With the above alone, we can use a rendering software (like Wayback) to request a document from the WARC, to get this same response that was generated at collection time, and to read the same HTML or load the same image in a web browser.
You will however also find two additional record types among most WARCs created by Archive-It, and which reflect some of the service’s helpful efficiencies:
- revisit: This record describes the response to a request for material that has already been archived, which hasn’t changed, and which Archive-It subsequently de-duplicates. By matching known checksum values in a collection, our tools can instead write a reference to an existing response record and where to find it when necessary for replay.
- resource: This record is created by the web archiving process, to capture and describe material related to an archived resource, but which might not have a discrete URL of its own. Archive-It does this most often to capture two types of resources: the screenshots and thumbnails of web pages that Brozzler creates automatically for future reference; and the videos that are retrieved by youtube-dl instead of either Brozzler or the “standard” Archive-It crawling stack.
These are the building blocks of any web archive created with Archive-It’s tools.
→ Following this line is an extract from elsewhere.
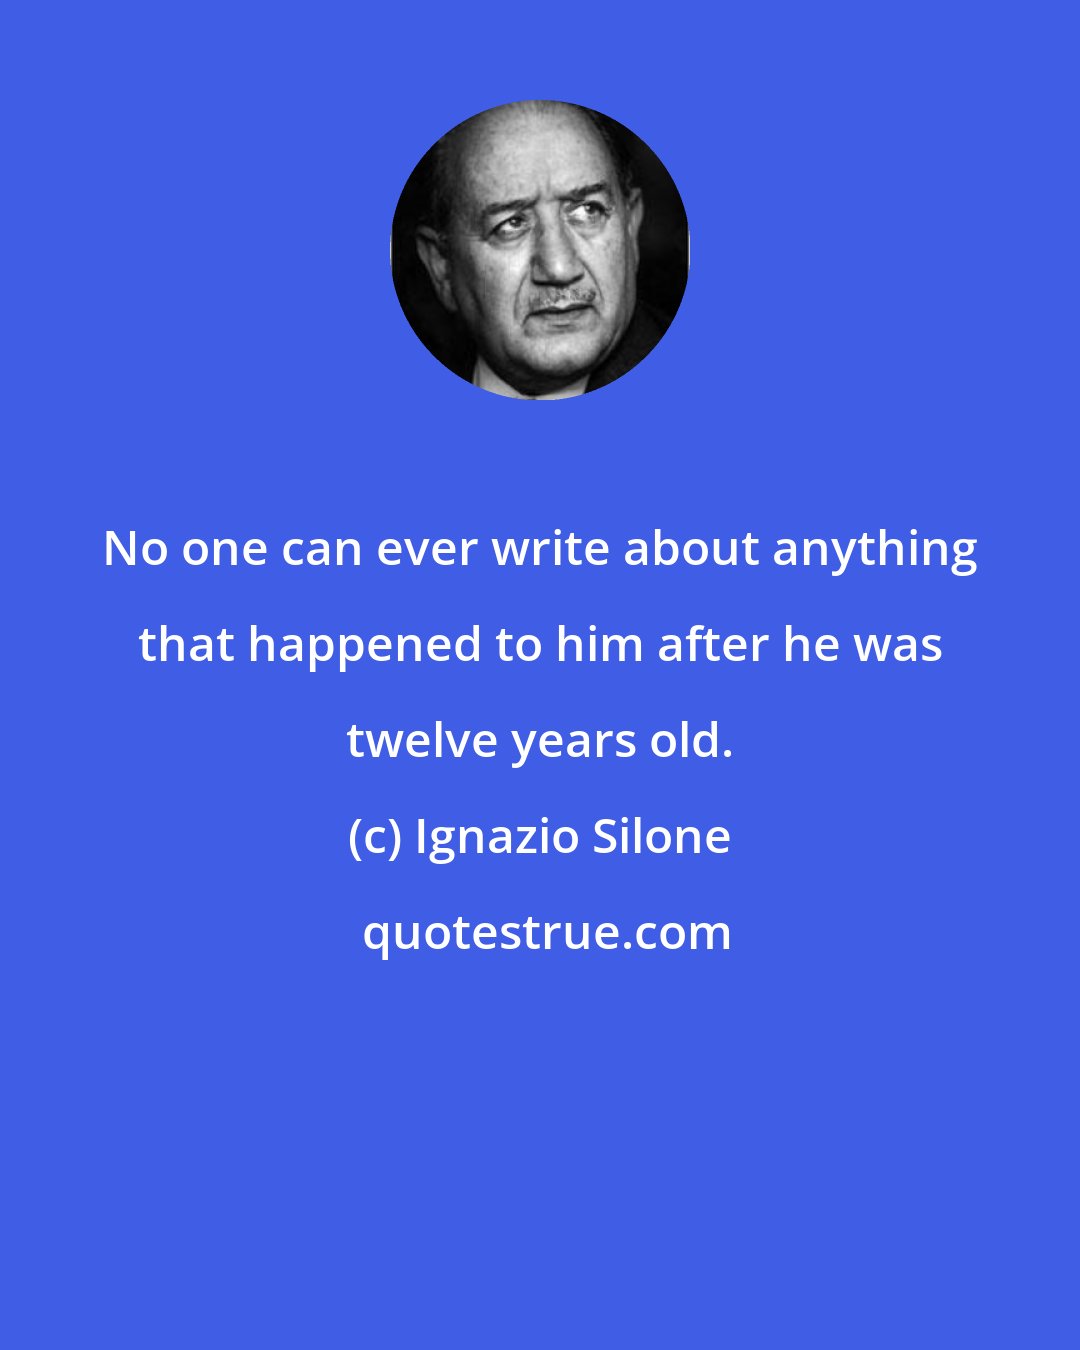 Ignazio Silone: No one can ever write about anything that happened to him after he was twelve years old.

However, the WARC specification also allows for two types of records that are not known to be implemented anywhere at the time of writing, but which speak to the management and preservation of web archives:
- conversion: This record holds space for the eventual migration of archived web materials into successor formats if and when that need arises. An HTML5 record could for instance appear here in order to augment or improve access to content that was collected in the deprecated Adobe Flash format.
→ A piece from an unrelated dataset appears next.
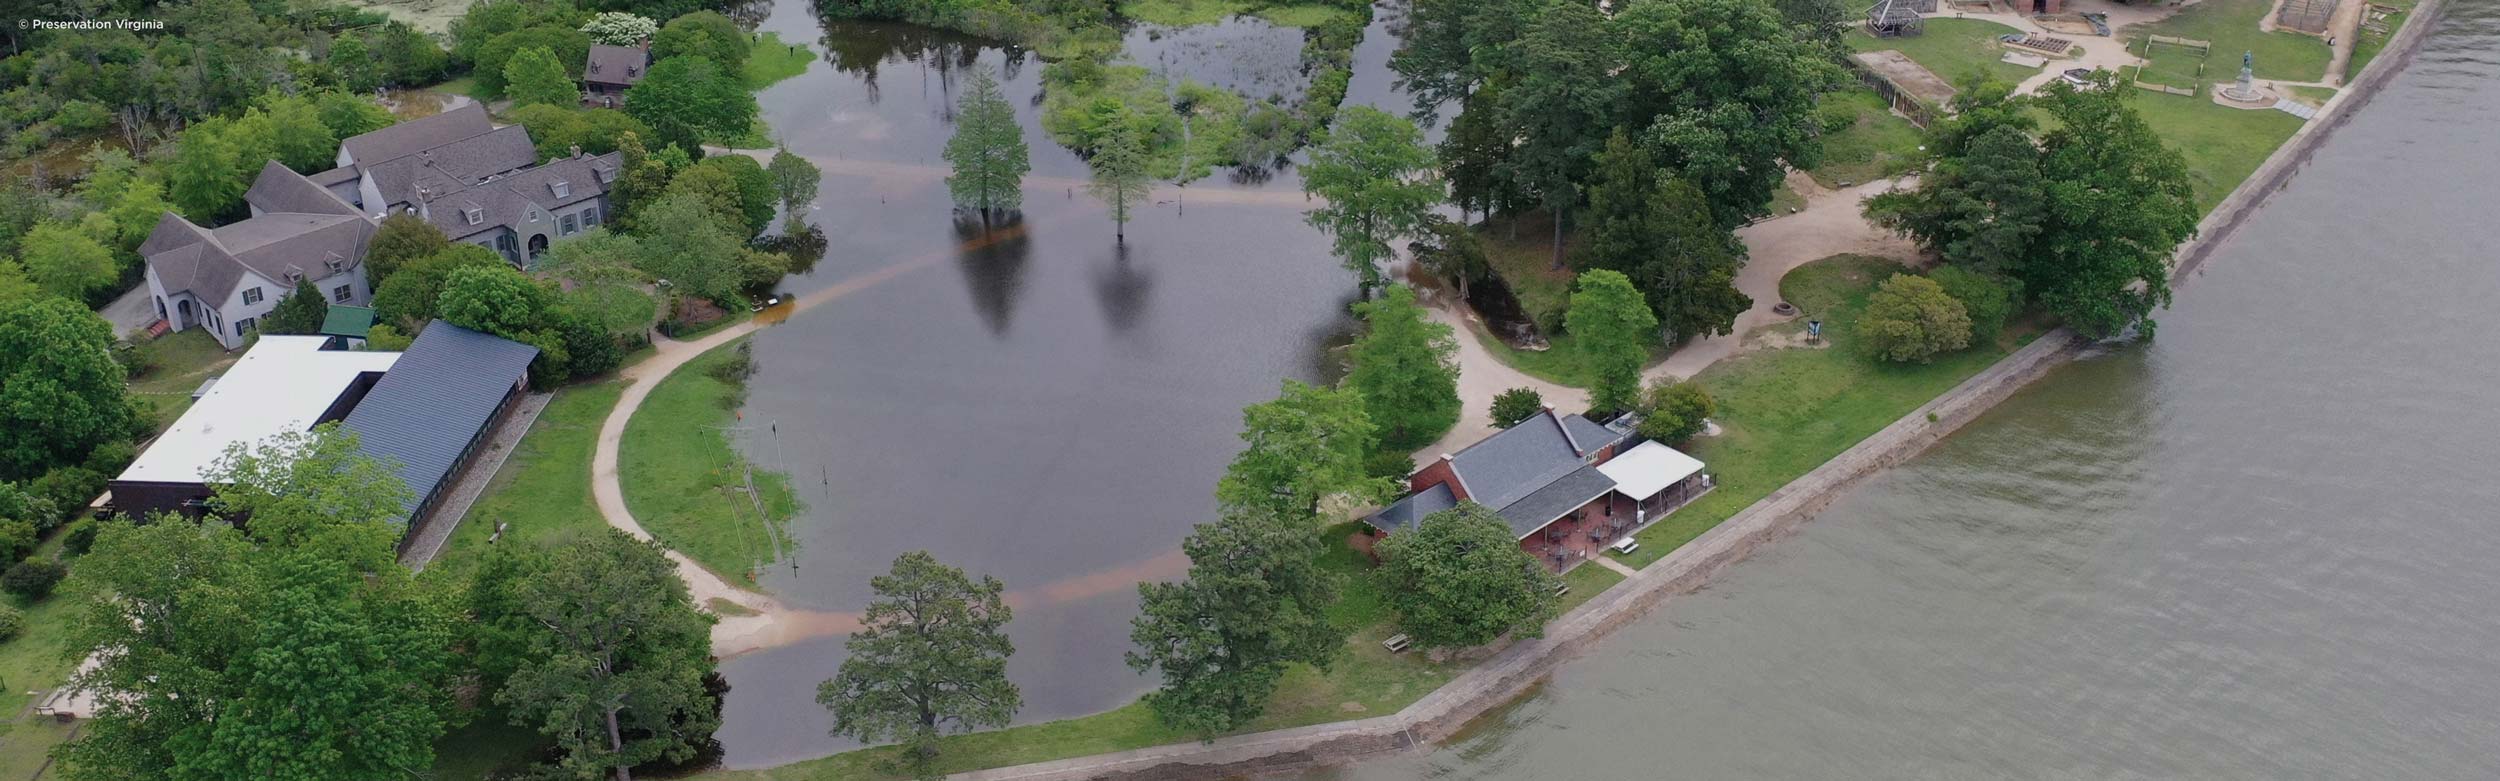 An aerial photo of flooding at Jamestown after a major rain event.

- continuation: This record would enable a rendering software to read and represent an archived document across two separate records if need be. It is based on the premise that the process of writing a record’s content into a WARC file could be interrupted, and that the process could therefore be ‘continued’ in a subsequent record, just picking right up where it left off at the next line.
And finally:
- metadata: Many WARC files, including Archive-It’s, include a list of records at the bottom that can further describe the contents of the above records, so that we can better understand why they were created or what they looked like at that time. They can provide the most basic record of what we call the “scope” of an Archive-It web crawl on a record-by-record basis. For example, a metadata record for an embedded resource like an image or video might describe how the collecting tool identified it as “in-scope” and subsequently archived it.
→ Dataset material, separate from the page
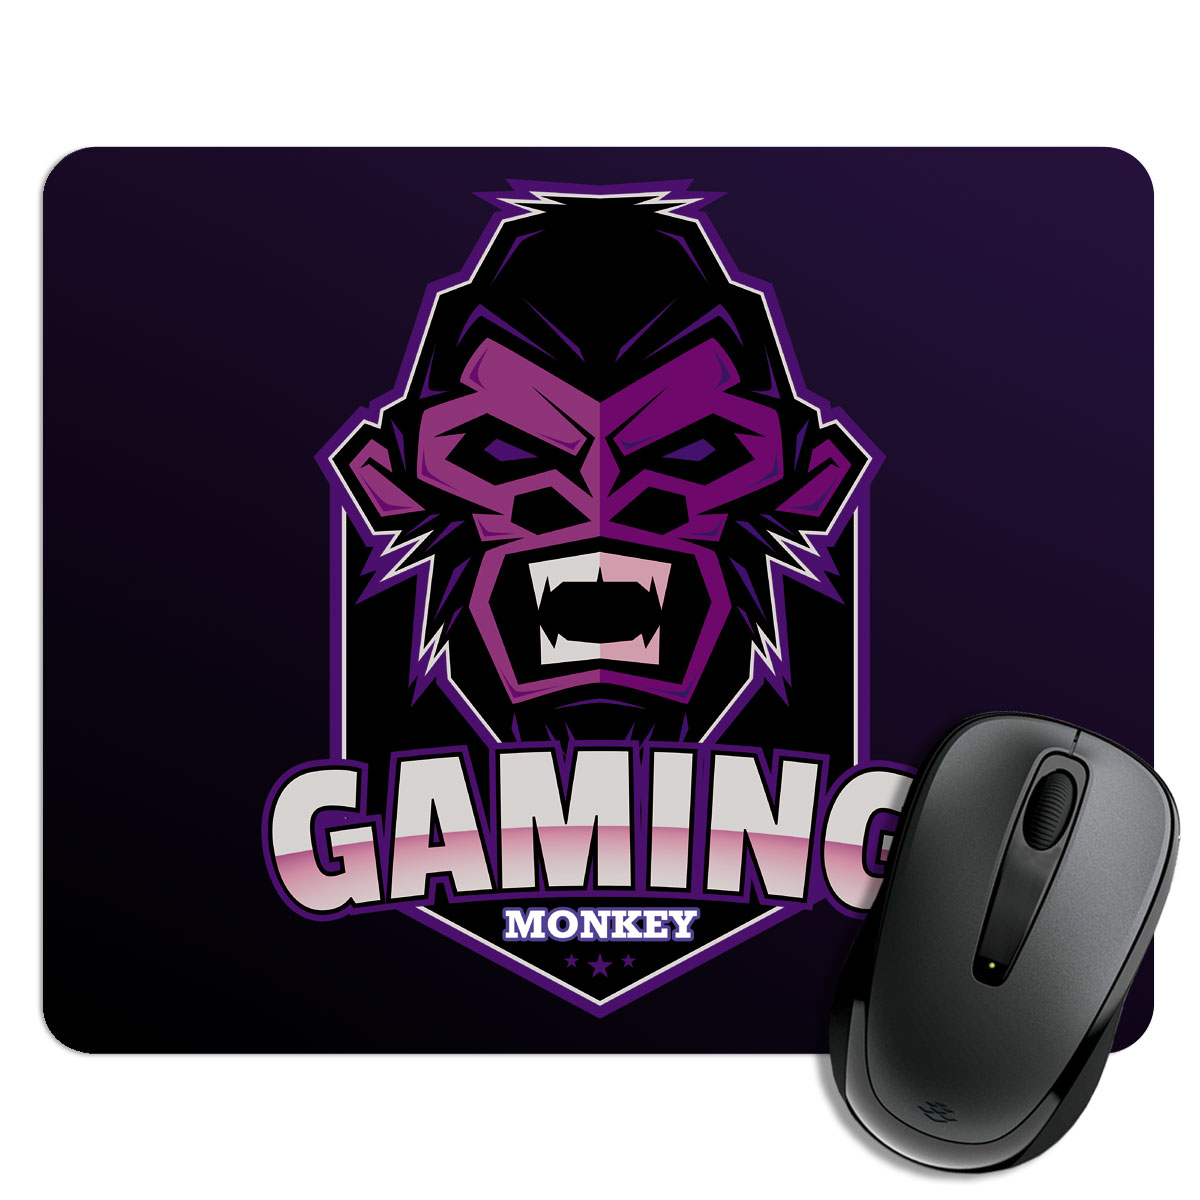 Gaming Monkey Mouse Pad

That’s the gist! But you can always read the IIPC’s extensive documentation for many more details and case studies of all of the above.
What’s next?
For many Archive-It partners, knowing that their holdings are contained and available in a standardized format is enough to feel confident about their futures. But the LOCKSS principle doesn’t end at web capture. Here at the Internet Archive we maintain multiple copies of all partners’ W/ARCs in case of any kind of data loss. Our Storage and Preservation Policy outlines how.
Still, many Archive-It partners download W/ARC files into local or third party storage for additional preservation and care. For a detailed example, check out partner Adriane Hanson’s great blog post about the University of Georgia’s process for their own safekeeping. Now that you know what’s in the box too, I hope that this introduction can help you to gauge your need or interests in managing WARCs directly.
If you’ve read this far, then you’re already something of an advanced beginner when it comes to WARC files! Knowing what you know now, I’d be interested to hear how you would augment or improve the standard going forward. The WARC develops slowly, but it’s here to meet your web archiving needs.